Descoberta da Petrobras no Amapá é relevante, mas tem pouco impacto imediato, dizem especialistas
Pelotas – A descoberta da Petrobras da presença de hidrocarbonetos na bacia sedimentar da Foz do Amazonas, em águas ultraprofundas na costa do Amapá, é relevante, mas tem efeitos práticos limitados no curto prazo, dizem especialistas.
Embora a confirmação ainda dependa de testes, integrantes da estatal dizem que a probabilidade de que se trate de petróleo é alta.
Quando houver essa delimitação, será possível dimensionar também o impacto para o mercado de petróleo e para a própria Petrobras.
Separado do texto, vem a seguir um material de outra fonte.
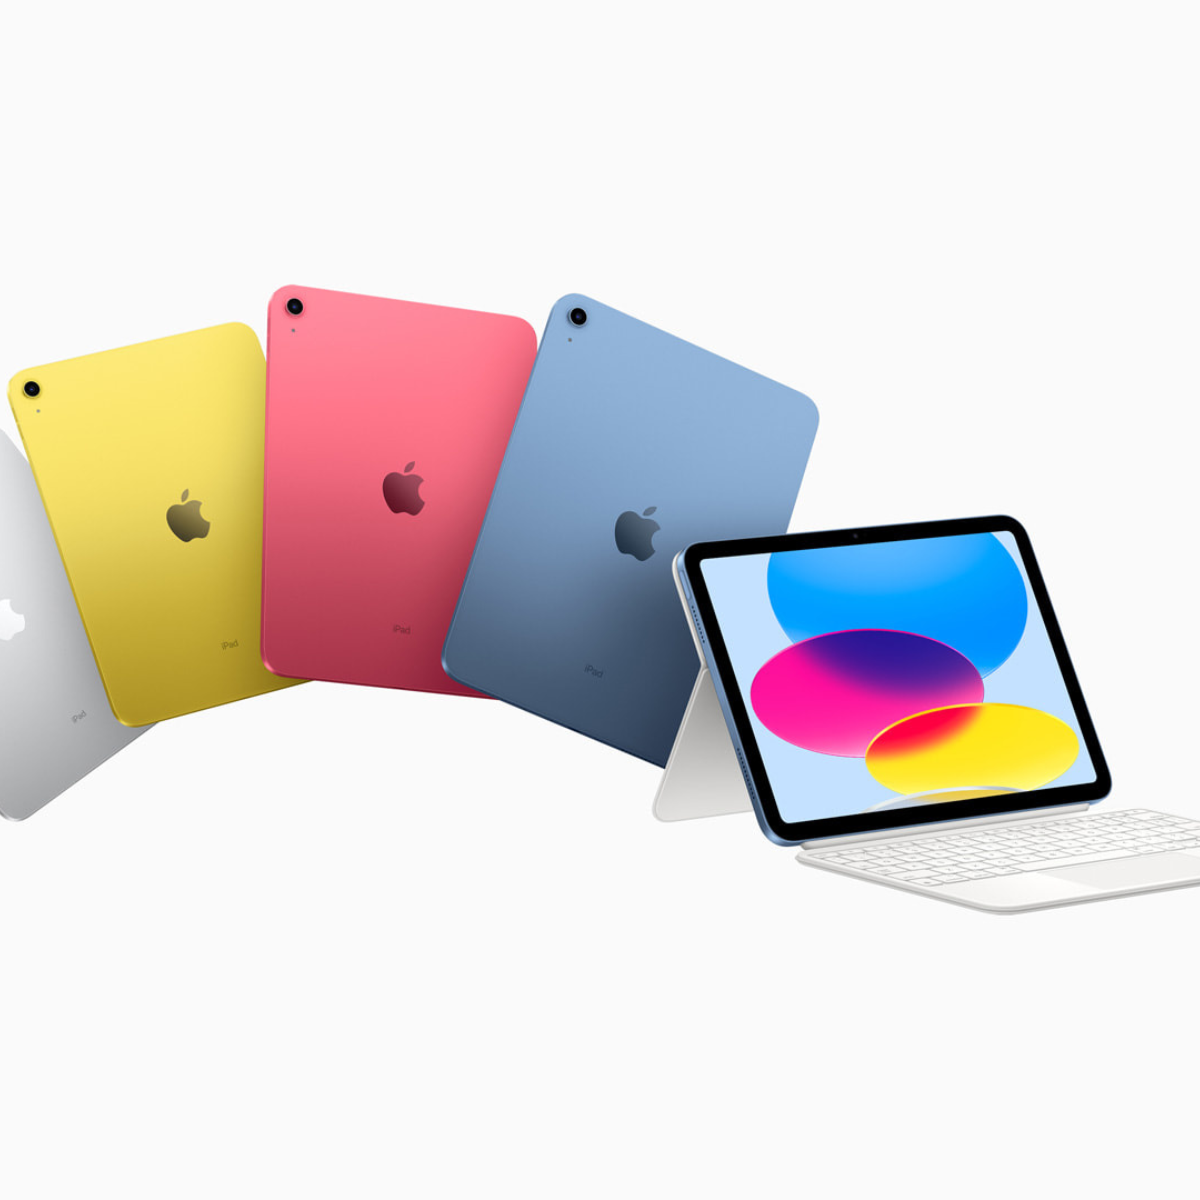 iPad air: Apple planning to refresh iPads & Macs next year; line

No entanto, mesmo sem essa definição ainda, os especialistas afirmam que a notícia é boa para a empresa, especialmente para suas reservas.
O presidente do Insituto Brasileiro de Petróleo e Gás (IBP), Roberto Ardhengy, afirma que o anúncio é relevante principalmente porque confirma a teoria geológica da região. “Essa é a grande notícia”, diz ele, exemplificando que, a cada dez perfurações realizadas, oito são secas ou não tem viabilidade comercial.
“A descoberta também reforça que a Petrobras tem muito conhecimento técnico e capacidade operacional em águas ultraprofundas”, acrescenta Ardhengy.
Em nota, o IBP, que representa grandes petroleiras com atuação no Brasil, como a própria Petrobras, ExxonMobil, TotalEnergies, Shell e Equinor, disse que a descoberta “confirma que o Brasil possui perspectivas muito positivas para a produção de petróleo e gás natural em outras regiões, reforçando a segurança energética nacional no médio e longo prazo”.
“O mercado esperava isso há muitos anos, e a descoberta reduz o risco de toda a margem equatorial”, afirma o sócio da Valor Investimentos, Gustavo Trotta. A notícia é muito positiva para a reposição de reservas da empresa, destaca Trotta, principalmente se for considerado o pico de produção do pré-sal, previsto para a década de 2030.
Apesar do efeito limitado no curto prazo, a maior previsibilidade e o potencial impacto da descoberta na recomposição das reservas da estatal podem influenciar o humor dos investidores, acrescentou. Se considerados os gastos de caixa com a perfuração, também pode haver algum efeito no pagamento de dividendos aos acionistas, observa Trotta.
O ex-diretor geral da Agência Nacional de Petróleo, Gás Natural e Biocombustíveis (ANP), David Zylbersztajn, reforça a importância da descoberta para a recomposição de reservas, e afirma que a descoberta dá mais segurança para a Petrobras continuar perfurando na região.
O economista Adriano Pires, que chegou a ser indicado à presidência da Petrobras, mas não assumiu o cargo, diz que ainda é cedo para falar sobre o impacto da descoberta. “Não temos nenhum número da Petrobras, portanto não dá para falar se é uma descoberta relevante ou não. Mas é uma boa notícia que mostra a importância do Ibama agilizar as licenças ambientais”, afirmou.
“Para o investidor, eu classificaria a notícia como positiva para a tese de longo prazo da Petrobras, mas ainda prematura para justificar uma revisão significativa das estimativas de produção, lucro ou valuation”, afirma Marcos Praça, diretor de análise da Zero Markets Brasil.
O próximo grande gatilho, acrescenta Praça, será justamente a divulgação dos dados sobre o tamanho e a viabilidade econômica do achado.
O poço Morpho, onde ocorreu a descoberta, está localizado a cerca de 175 km da costa do estado, em uma área com lâmina d’água (distância entre a superfície e o fundo do mar) de 2.886 metros. A região é alvo de embates entre o governo e organizações ambientalistas.
A descoberta ocorreu no bloco FZA-M-59, na margem equatorial brasileira, onde a Petrobras é operadora e detém 100% de participação.